Although there was a 14-day window between Aug. 13, the day the plan was confirmed, and this Friday, the day by which any appeals must be submitted, Basha said the company has several initiatives that have been held up pending confirmation.
“Bashas' plans on moving forward,” he said in his letter.
The reorganization plan had the support of the chain's equity owners — nine members of the Basha family — plus a committee of unsecured creditors; opposing the plan were the chain's secured lenders.
In his 78-page decision to confirm the reorganization plan, Judge Marlar said: “Though a bankruptcy proceeding represents the ‘dark side of capitalism,’ Chapter 11 allows for financial redemption.”

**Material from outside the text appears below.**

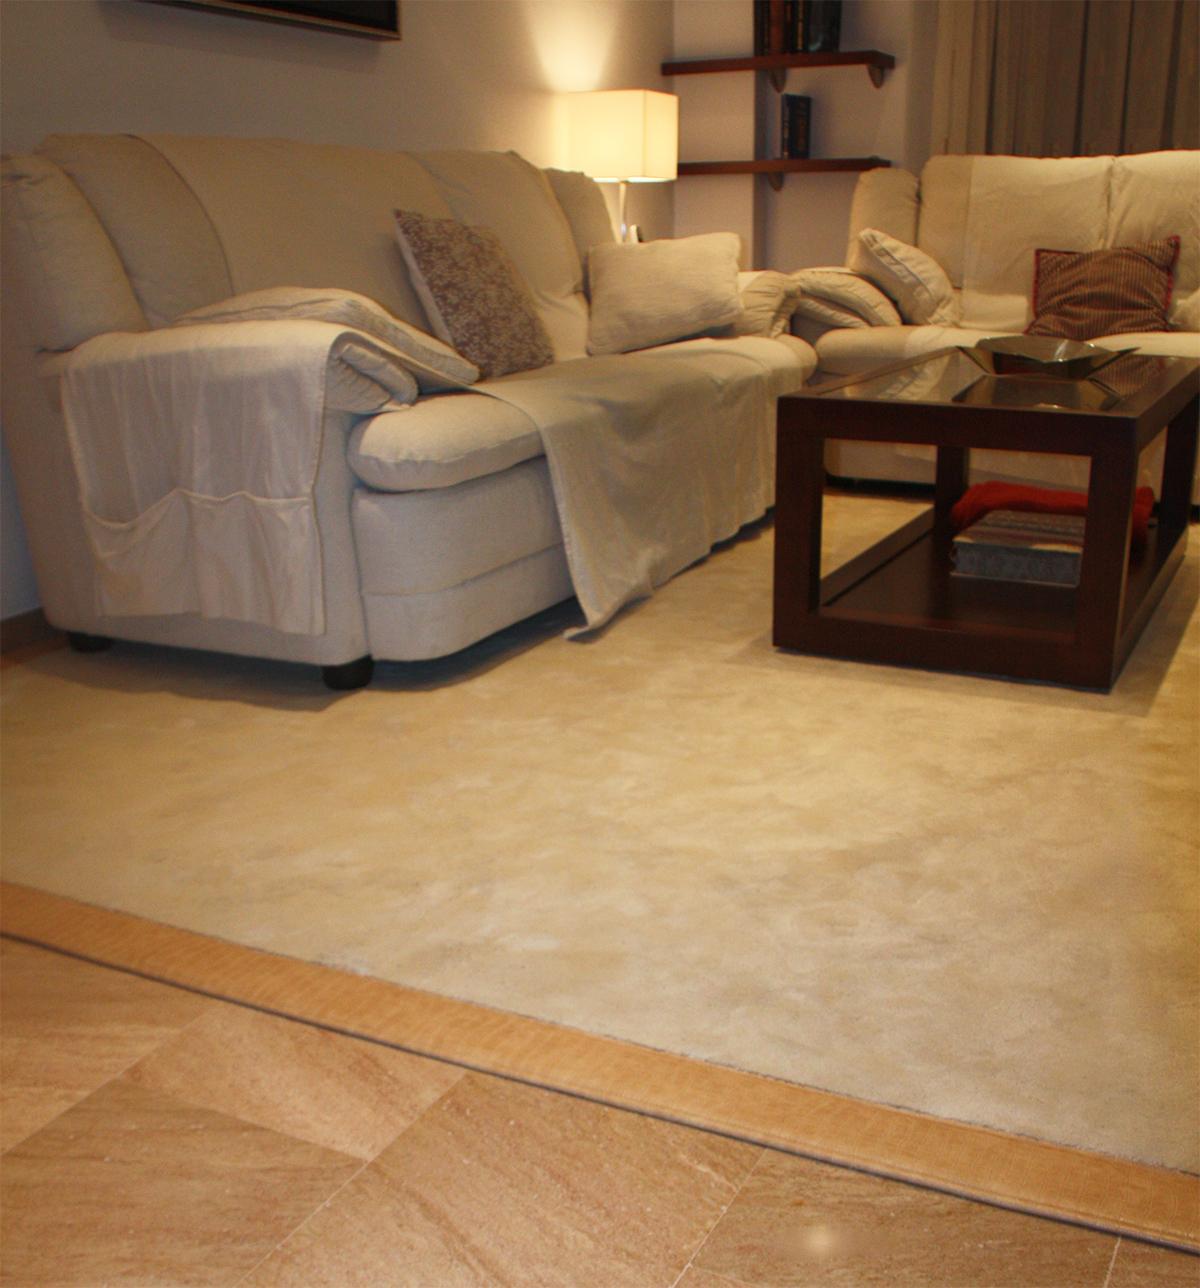 Alfombras baratas online en blog de mundoalfombra - Alfombras baratas barcelona ...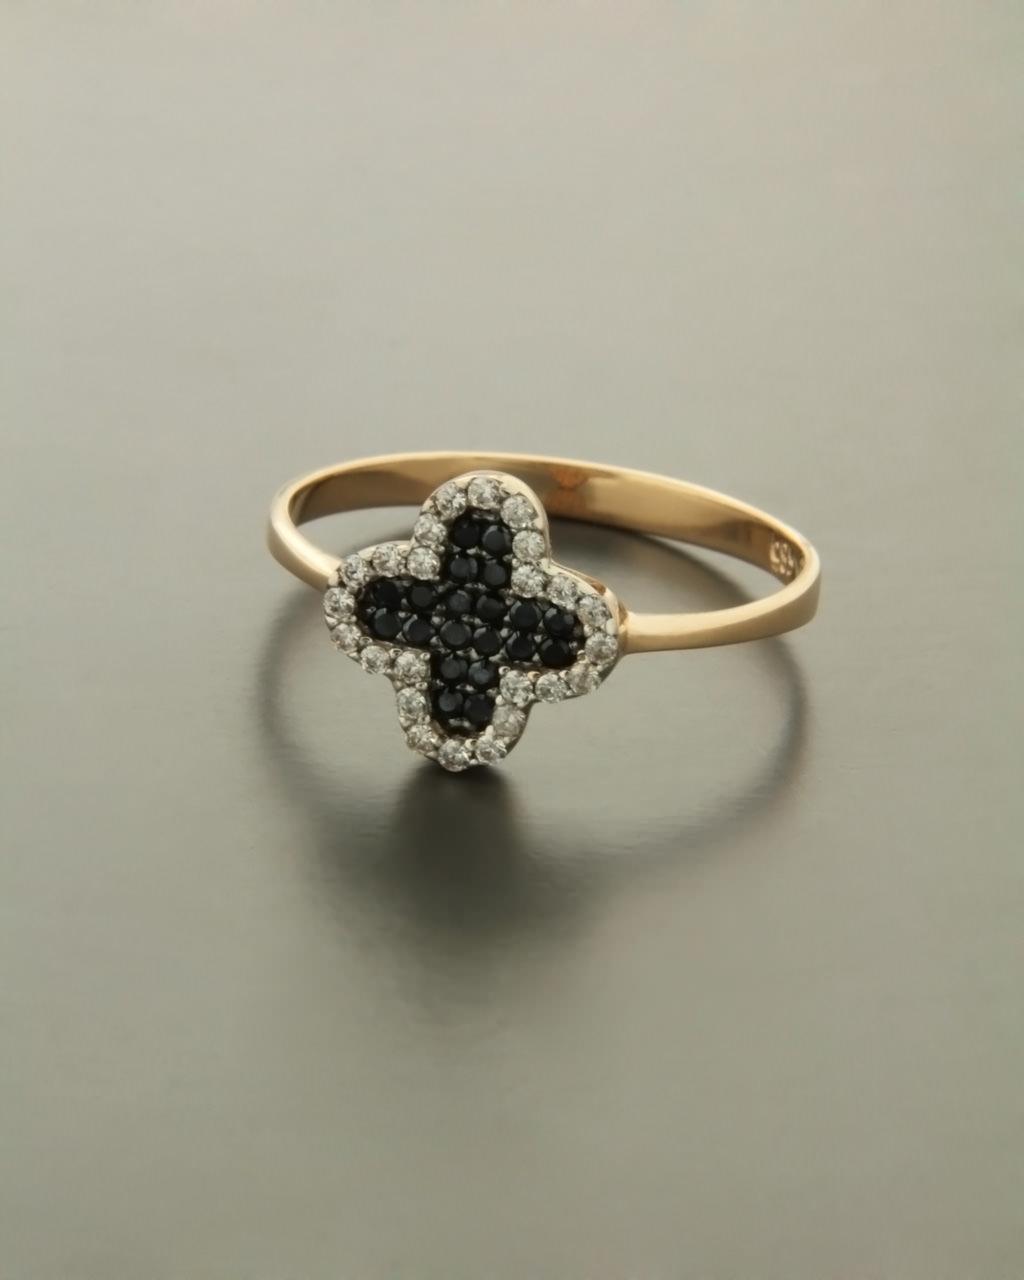 Δαχτυλίδι σταυρός ροζ χρυσό Κ14 με Ζιργκόν  42e52439dad

He said delaying the reorganization process due to objections from the chain's secured creditors was unacceptable. “Not acting now would negatively affect any ability of [Bashas'] to reorganize due to the time delay, the ongoing burden of administrative expenses and the continuing uncertainty of [Bashas'] business and repayment plan.
“No competing or alternative plans have been proposed. Any new plan could not exceed the 100% payment plan now proposed. It would be futile to go back to the drawing board with an acceptable 100% repayment plan now before the court.
“In addition, this court recognizes that in cases of this magnitude … [and with] the number of Arizona jobs involved and with thousands of creditors, it is critical that this full-payment plan … be confirmed now.
“Further delay is not in anyone's best interest.”
According to the court documents, Bashas' initially ran into financial troubles in April 2009, when it was unable to meet its obligations “due to over-expansion and a general downturn in the national and Arizona economies.”
That prompted more intense scrutiny from its lenders, which led Bashas' to file for Chapter 11 protection.
In court testimony, Andersen said that when he returned to the company, he “searched for old-fashioned ways to turn the business around” to save jobs, pay off creditors and eliminate the company's “girth.”
His actions included reductions of 2% to 15% in salaries of all employees; cancellation of the corporate jet; modifications in the company's insurance programs; and even renegotiations of pest-control contracts. Through his efforts, he told the court, Bashas' cut its annual corporate budget by $57.6 million and generated additional one-time savings of $9.5 million — efforts that stopped the bleeding and enabled Bashas' to become profitable again, he noted.
Since then Bashas' has stayed within its budgets, the court said, “and positioned itself to emerge from bankruptcy as a leaner, more efficient enterprise. And importantly, it has become profitable.”
In court testimony, Christopher Linscott, the court-appointed financial advisor to the chain, said the company had actually reorganized itself over the past year and was positioned to meet the terms of the reorganization.
He also said Bashas' is “now properly positioned, from a managerial and operational standpoint, to enable the [reorganization] plan to work as contemplated,” especially given the fact it has operated for a year without post-petition financing or a revolving line of credit.